# Faith restored



## Riaz (24/10/16)

Yesterday I took my family to possibly one of the best and busiest markets I've been to in a long while- route 44 market. 

Had my 3 kids with me and obviously my mod. Those with 3 kids will understand how crazy it gets when there are so many people and other kids all in one area. 

Somehow I managed to misplace my mod just before we decided to leave. I was devastated. 

After looking everywhere I gave up and mentally wrote the thing off. 

As we were exiting the play area I took a chance and asked at reception if they have a lost and found box or something of the sort. I explained what I lost and boom the gentleman handed me my beloved mod. 

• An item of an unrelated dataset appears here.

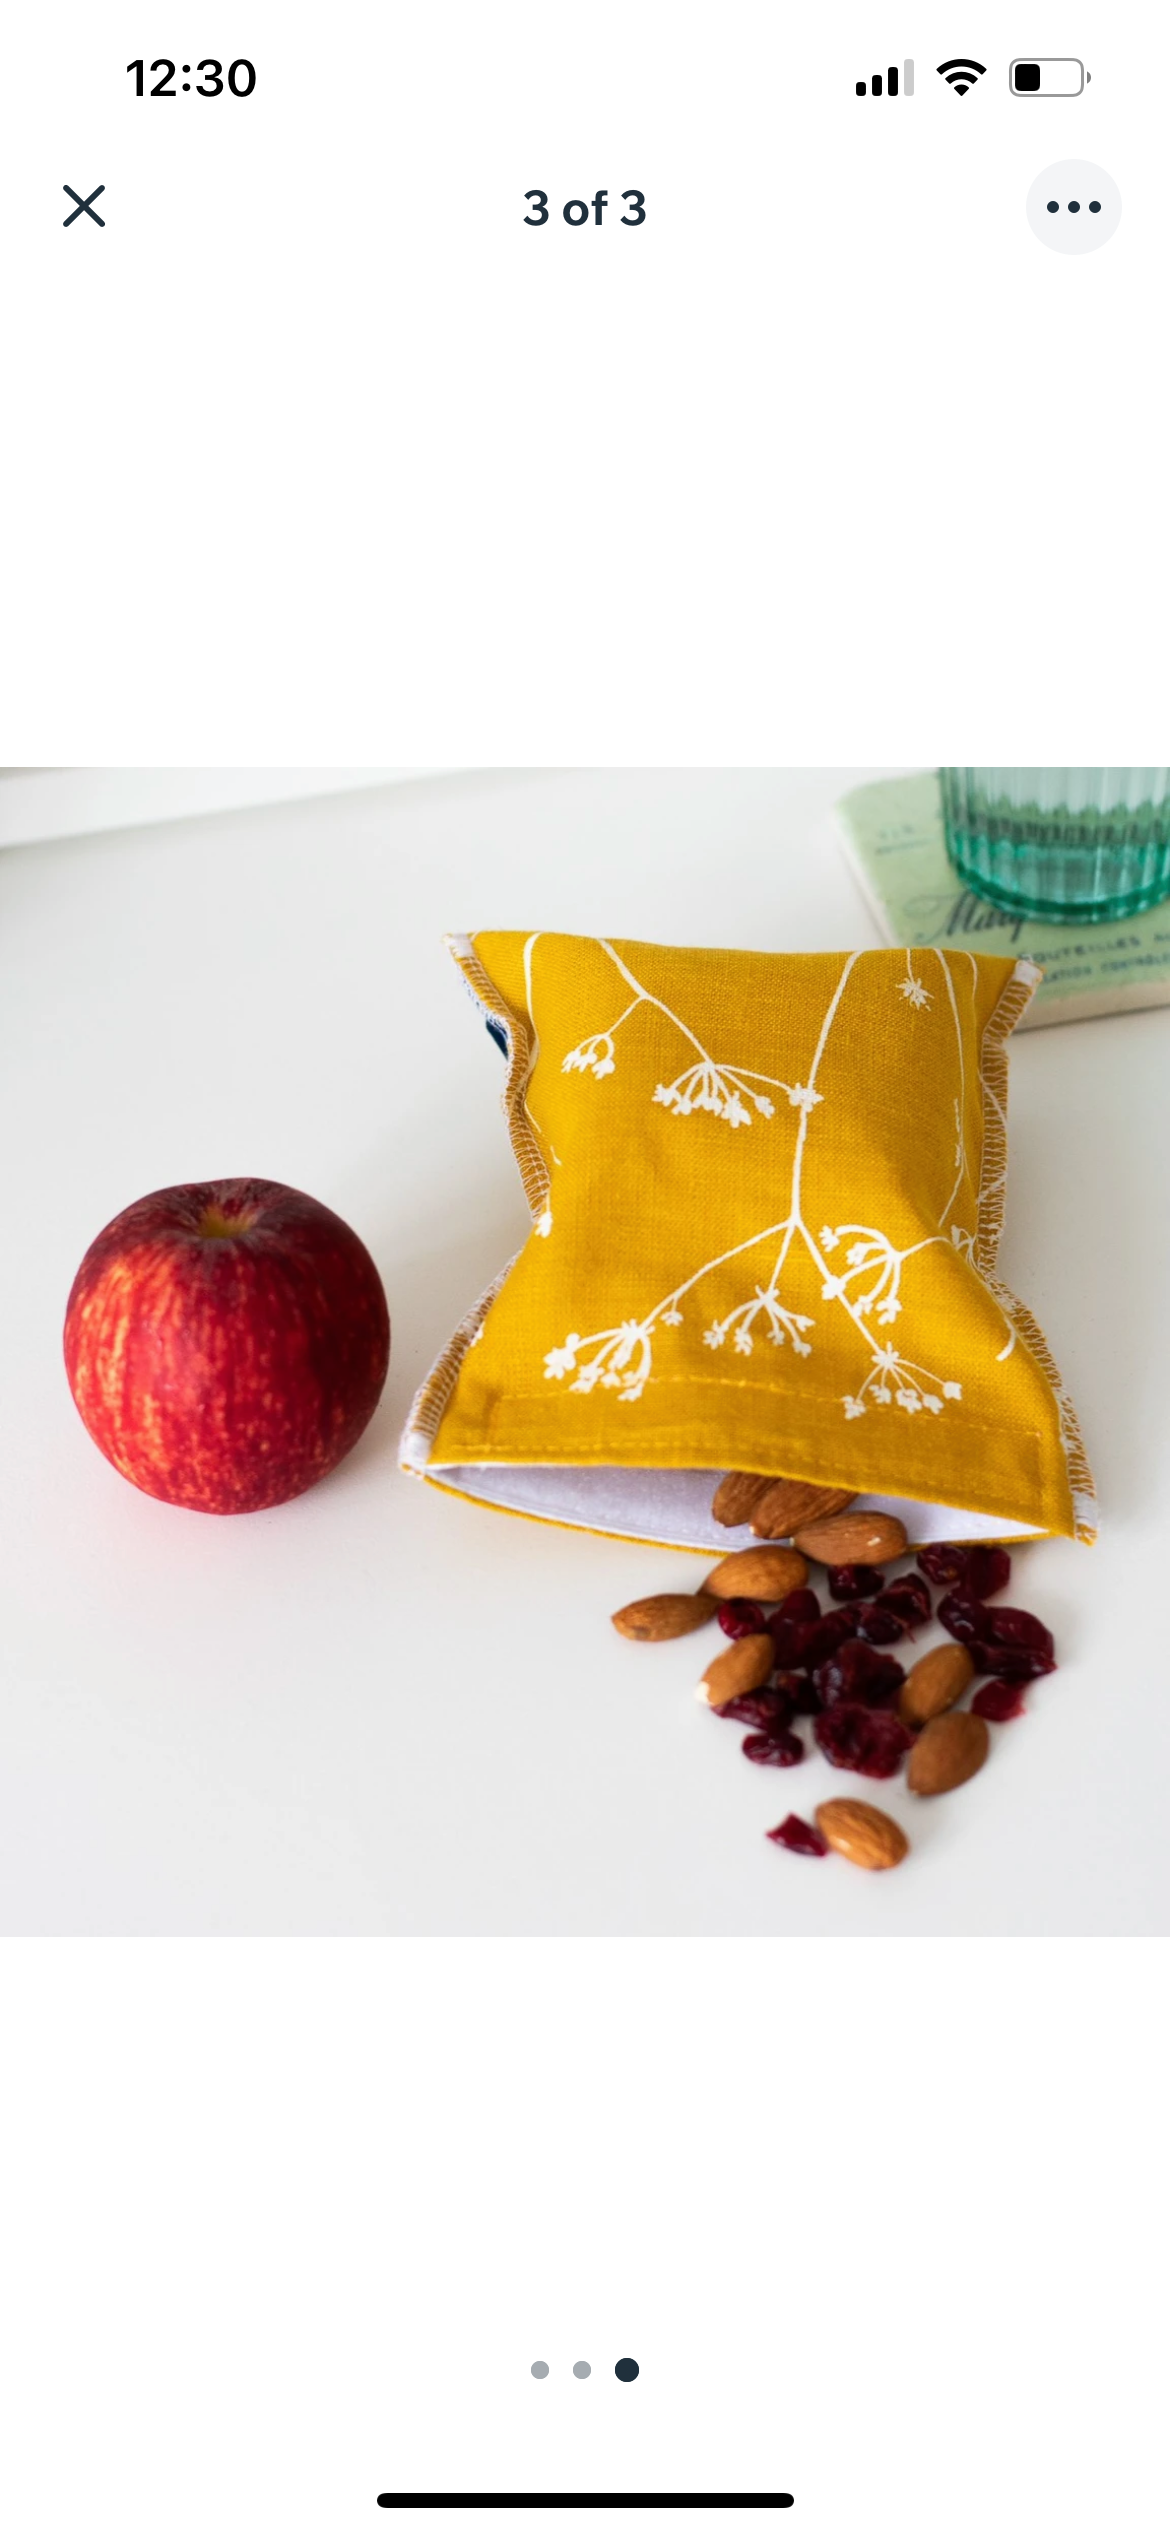 Reusable Snack Bag Mustard

I don't think the person who returned it is on here ( I say this coz the gentleman told me the lady who gave it in had no idea what it was) but anyways, thank you for returning it to me. 

#Faithinhumanityrestored

Reactions: Like 6 | Winner 6


----------



## zadiac (24/10/16)

Glad you got your mod back. I'm not saying a vaper wouldn't have done the same, but the chances might have been less if it was a (not so honest) vaper...lol (also depending on the mod and atty)

Reactions: Thanks 1


----------



## Silver (24/10/16)

Glad you got it back @Riaz 
Must have been a great feeling

Reactions: Thanks 1


----------